Last Updated Aug 26, 2011 10:26 AM EDT
I've been wading through many of these lately. Here's one that caught my eye. According to MomCorps, a staffing organization that places people in non-traditional jobs, 42% of American workers would trade some percentage of their salary for flexibility at work. All working mommies, right? Well, no. If you ask people if they'd be willing to give up more than 10% of their salary in exchange for flexibility, men are twice as likely as women to say yes.
Granted, the numbers are small (12% vs. 6%). But why the direction of the difference?
I have a few theories. Men still earn more than women, so they have more wiggle room in salary negotiations in general -- which makes giving up 10% not seem like as big a deal. Men also work more hours than women, so their work lives may feel less sustainable than women's right now. Or this could be a feint at the "masculine mystique" that a few pundits have written about lately. The domestic expectations placed on modern men these days are huge compared with their fathers or grandfathers. But they haven't really gotten a big break at work to compensate.
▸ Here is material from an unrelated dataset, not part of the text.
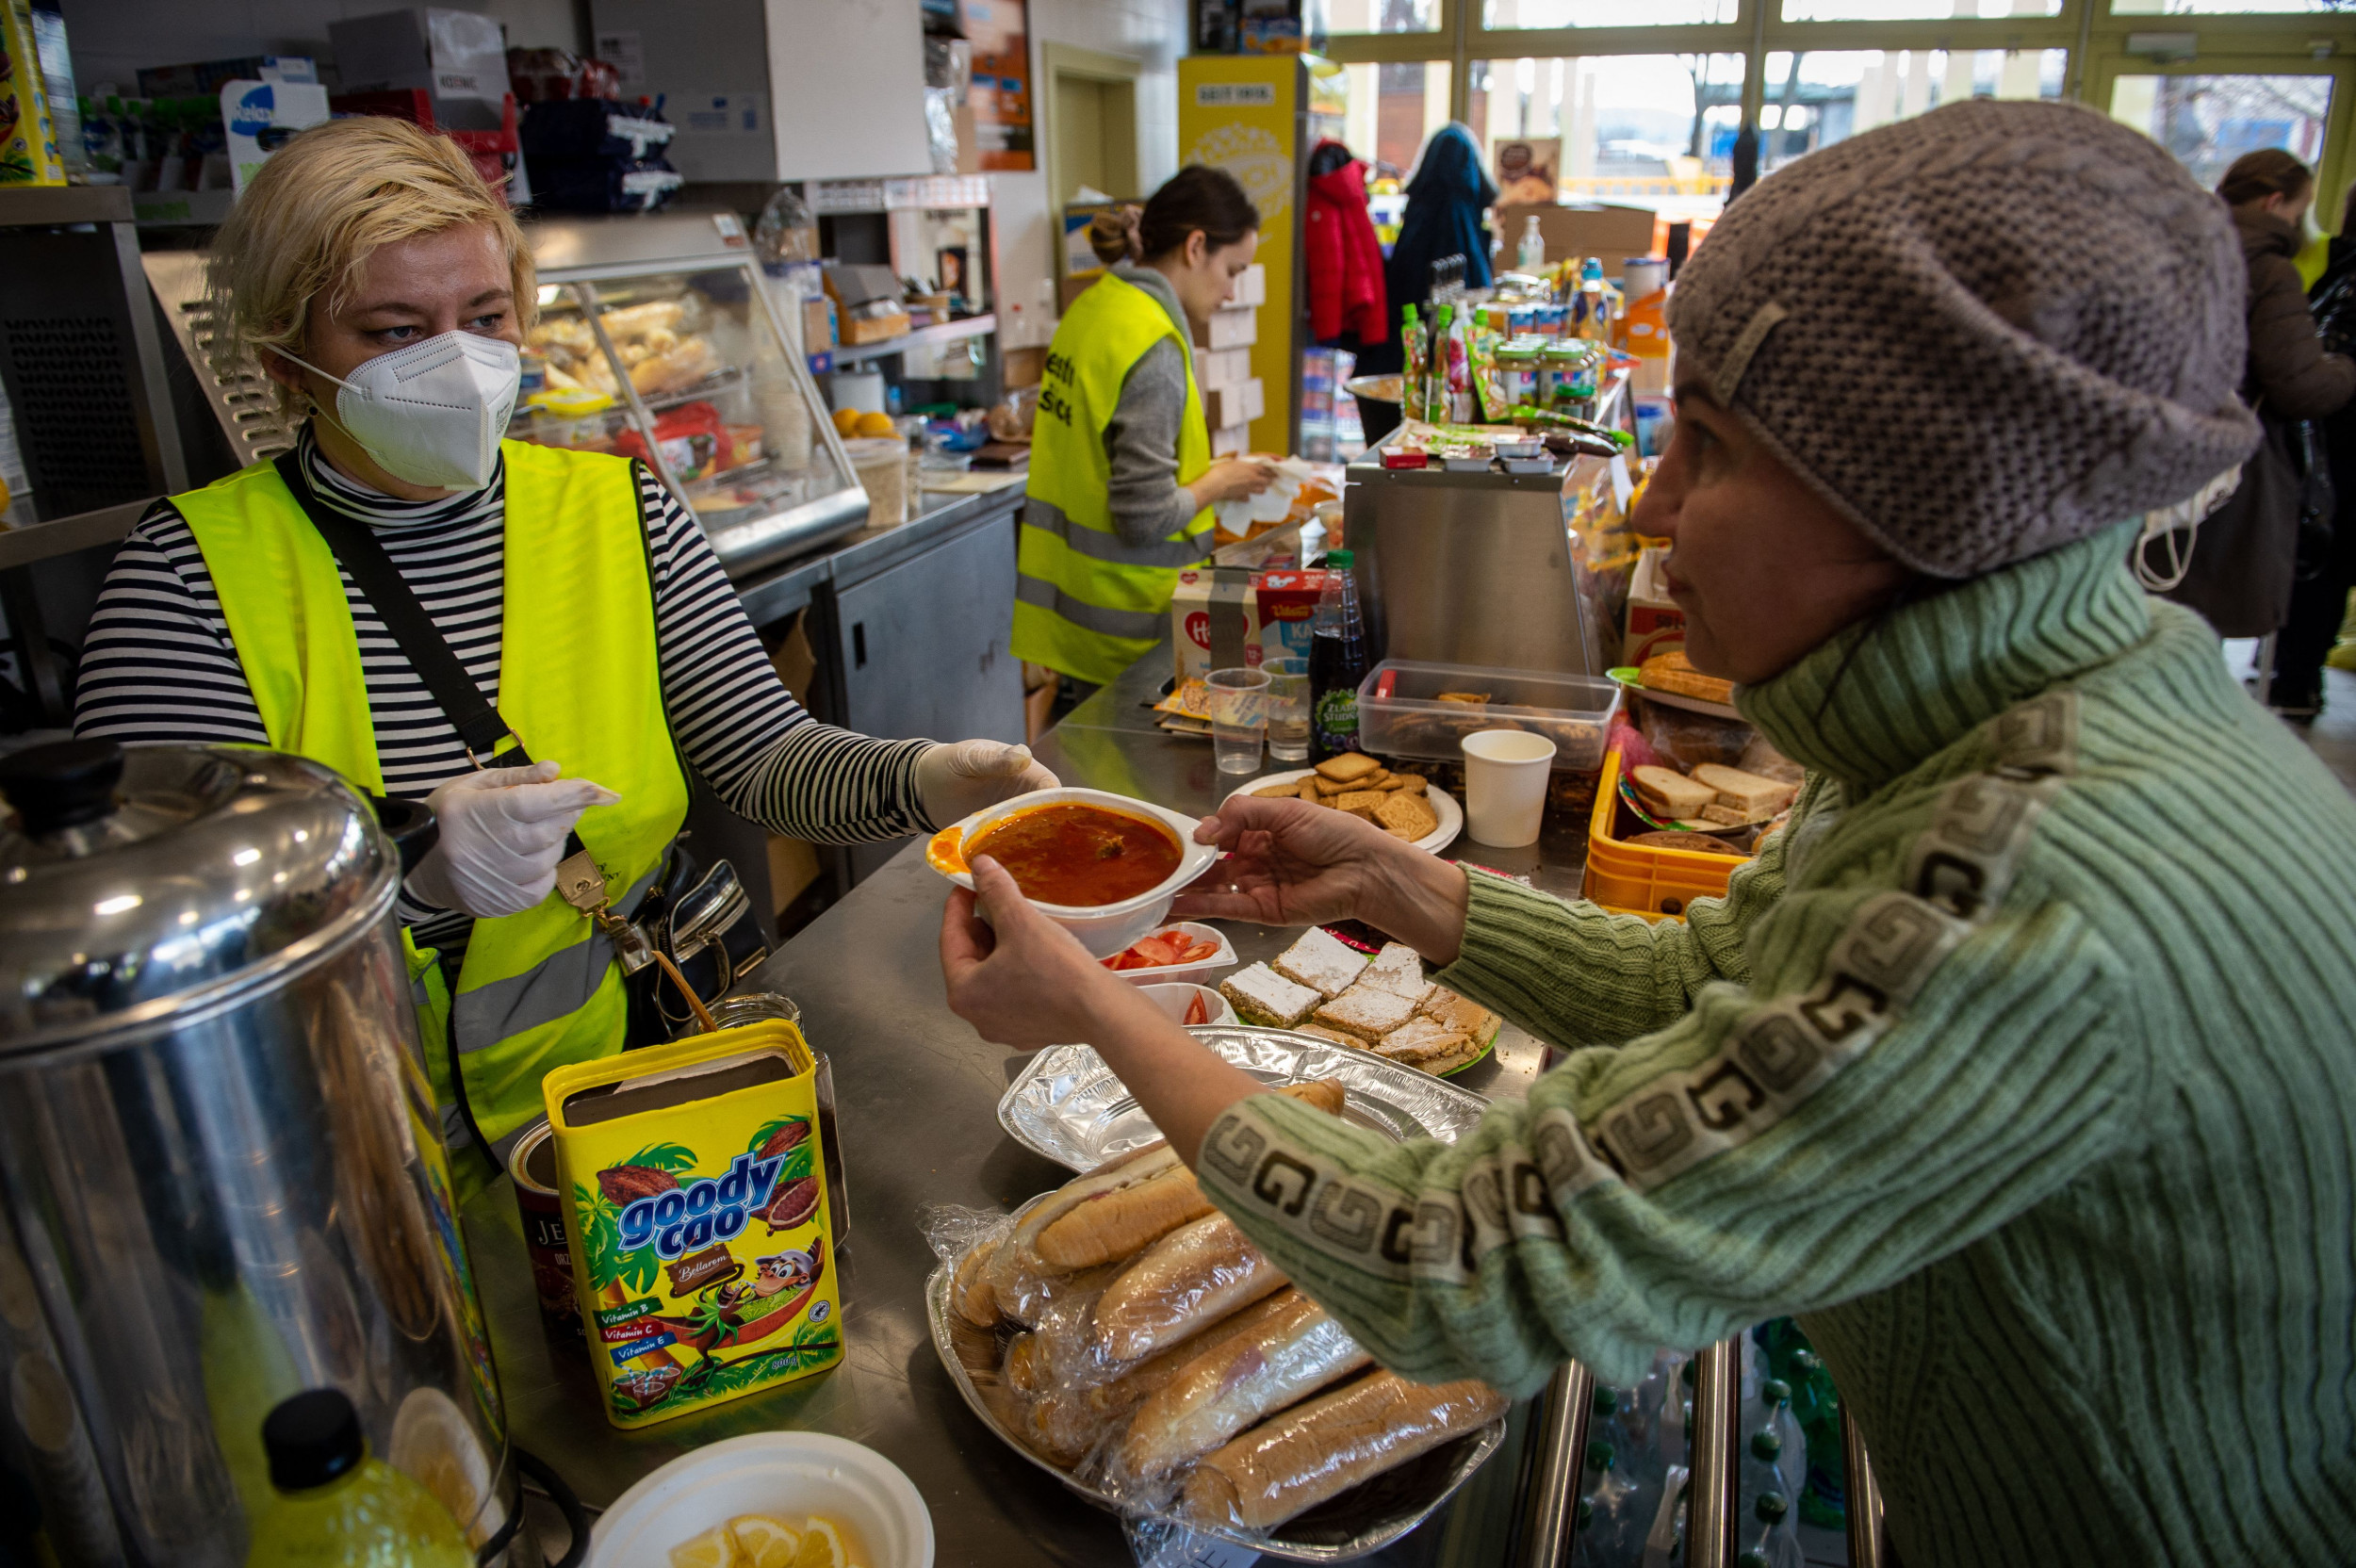 World Central Kitchen Shares Huge Operation to Feed Ukrainian Refugees

Regardless, though, I think these questions are asked the wrong way. Because why should flexibility be a perk that requires giving up salary to get? There's some evidence that people who can work from home and set their own hours are willing to work more than people stuck in cubicles. They may be less likely to leave their employers, too. Those are attributes worth paying more for, rather than less. No matter what gender you happen to be.